New York Times columnist David Segal has perused an advance copy of the March 2016 U.S. issue of Playboy magazine. The one that marks the beginning of a more tasteful photographic era.
Segal writes that the most surprising benefit of the new approach is that it has allowed Playboy to ditch the airbrushing. From his critique:
The centerfold, for instance — yes, there is still a centerfold, in this case, Dree Hemingway, a great-granddaughter of Ernest Hemingway — cavorts in the buff. But this is the Garden of Eden after a bite of the apple, and our Eve, while amused, seems a bit embarrassed. In one shot, it’s as if someone has just stolen her clothing, leaving her to hide as much of herself as she can with both hands.

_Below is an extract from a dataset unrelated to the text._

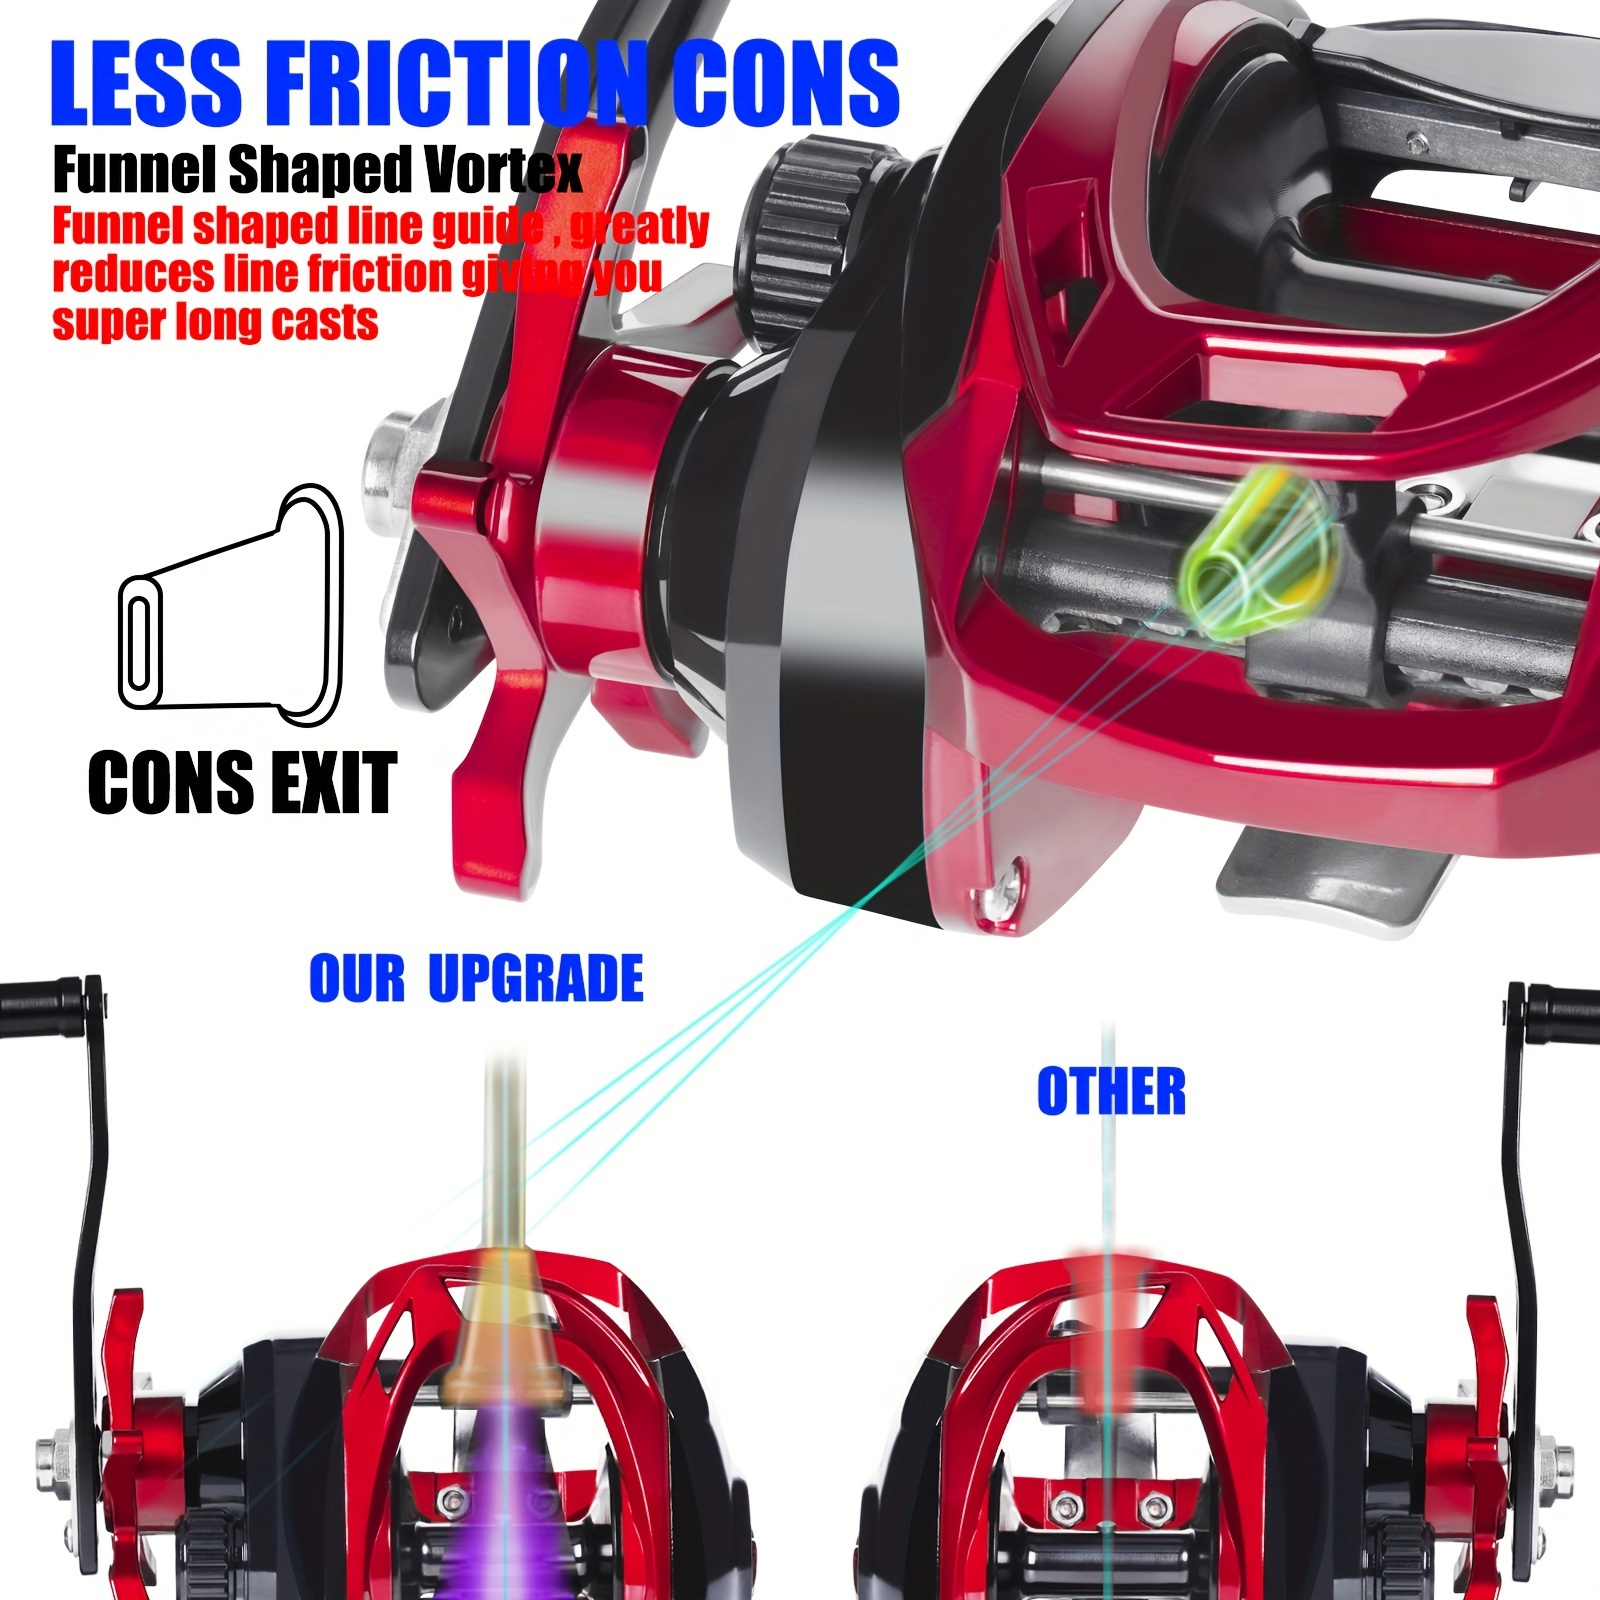 Lacusmall Baitcaster Reels, Fishing Reels with 6.3:1 Gear Ratio,  Baitcasting Reel with Magnet Braking System, Bait Casters Reel with Fishing  Alarm System, 17.6 LB Max Drag(C: Right-6.3:1Blue), Baitcasting Reels -   Canada

Ms. Hemingway and other featured women in the issue are unretouched. Playboy photographs have long been triumphs of technology, giving models a sheen of perfection that is unobtainable without lots of carefully placed lights and aggressive airbrushing. That is over. Some images in the March issue are grainy, and all feel more impromptu than posed. The magazine has adopted the unadorned, point-and-shoot aesthetic made famous by American Apparel ads and fashion photographers like Terry Richardson.
Paradoxical as it may sound, Playboy has undergone major cosmetic surgery and emerged from the operating room looking more natural.
Another intriguing aspect of the U.S. print relaunch is the photographer for the pictorial featuring Myla Dalbesio. That photographer is Dalbesio herself.